The similarity solution method is supposed to be able to solve at least some nonlinear partial differential equations, in addition to linear ones. After playing around in Mathematica to find a nonlinear PDE that can be solved, I found that the general solution to $u_t^{2} = u_{xx}$ is $u = c_1(t + x) + c_2(t - x)$, where $c_1$ and $c_2$ are arbitrary functions of $t + x$ and $t - x$ respectively. So I decided to try this problem.
Using the scaling transformations $x \to px$, $t \to qt$, and $u \to ru$, I assume that $u(x,\ t)$ and $ru(px,qt)$ are similar solutions. Plugging these scaling transformations into the PDE, I get
$$\left(\frac{r}{q} u_t \right)^2 = \frac{r}{p^2} u_{xx}$$
and thus $p^2 ru_t^{2} = q^2 u_{xx}$. To be arithmetically consistent with the original PDE, it should be the case that $q = \pm p \sqrt r$, and thus the similarity solution is $ru(px,\pm p \sqrt rt)$. In turn, choosing $p = \frac{1}{x}$ yields $ru \left(\pm \frac{\sqrt rt}{x}\right)$.

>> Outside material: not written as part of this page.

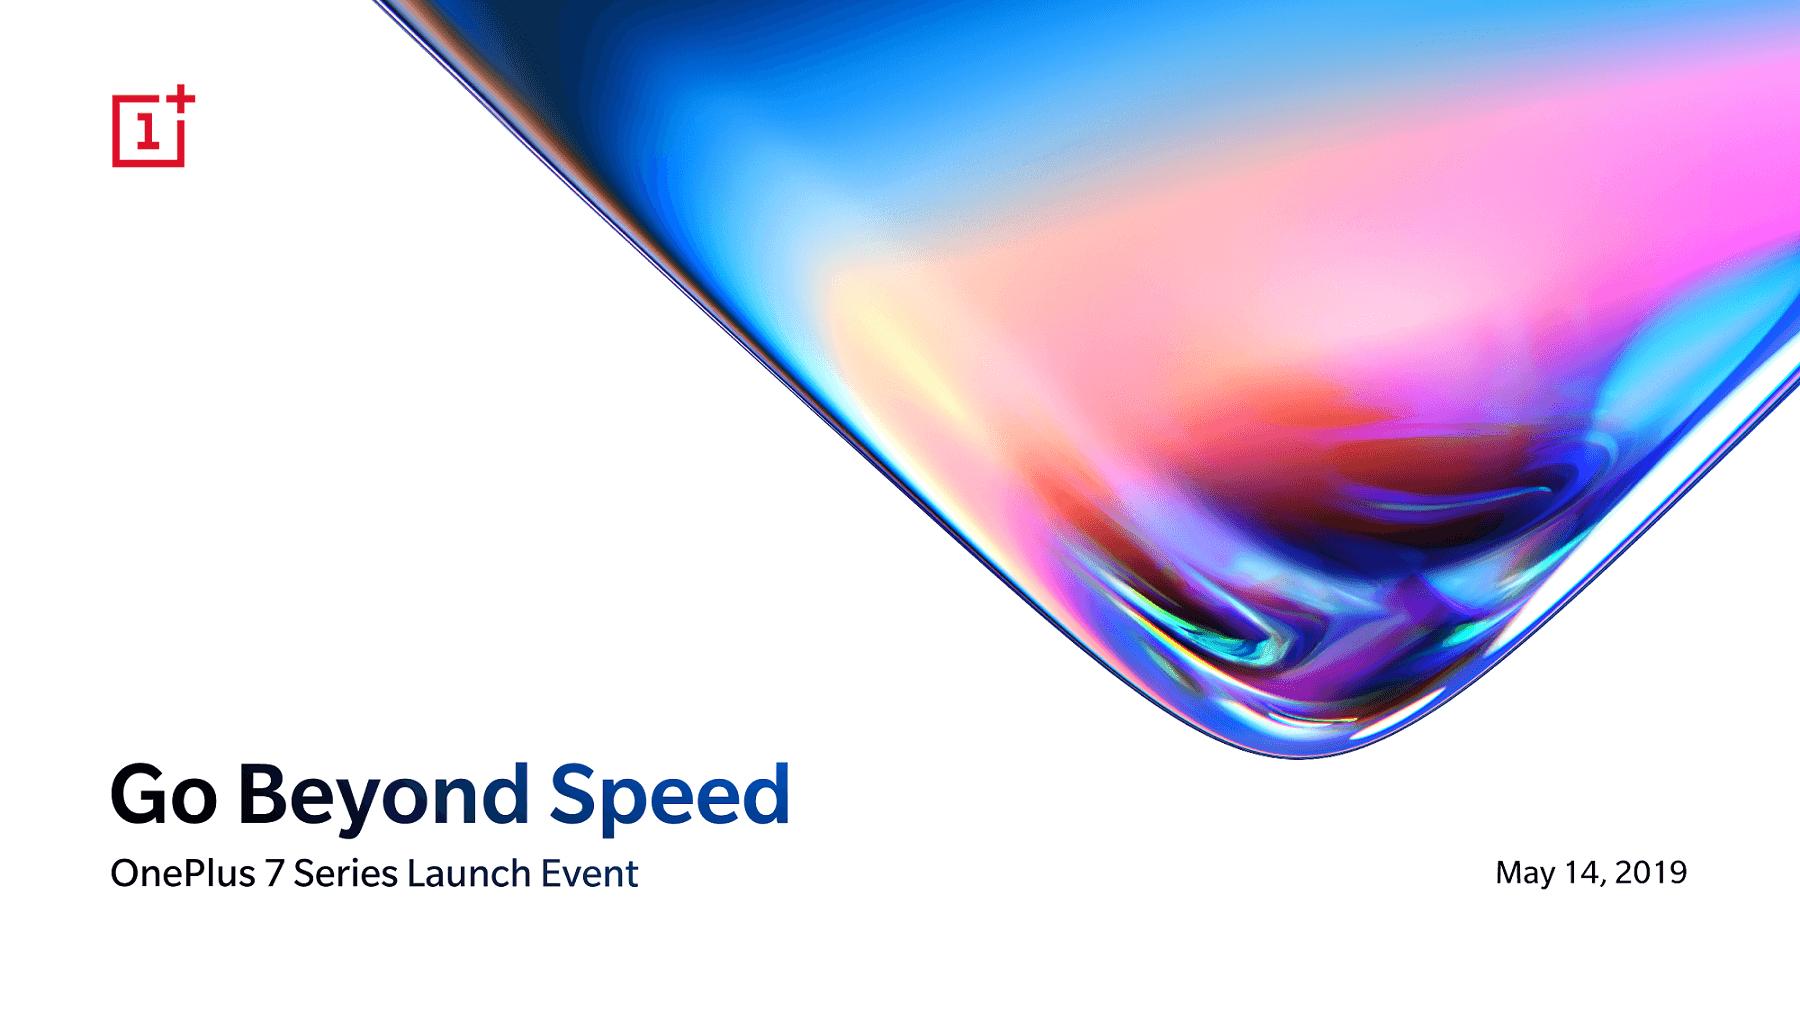 Go Beyond Speed - OnePlus 7

At this point, do I have to proceed with the plus and minus cases as two separate branches of the problem, or can I choose which branch to use and arrive at the same solution in either case?
If I choose (or start with) the plus case, $ru\left(\frac{\sqrt rt}{x}\right)$, I can make the substitutions $v = \frac{\sqrt rt}{x}$ and $f = ru$, and plug $f(v)$ into the original PDE. However, the resulting ODE
$$\frac{d^2 f}{dv^2} + \frac{2}{v}\frac{df}{dv} = \frac{r}{v^2} \left(\frac{df}{dv} \right)^2$$
contains the scaling factor $r$. This has not happened for the linear PDEs I have solved using this method. Can I choose $r$ at will to be any function of $v$ which simplifies the ODE as much as possible, or do I have to solve for $r$ in some way?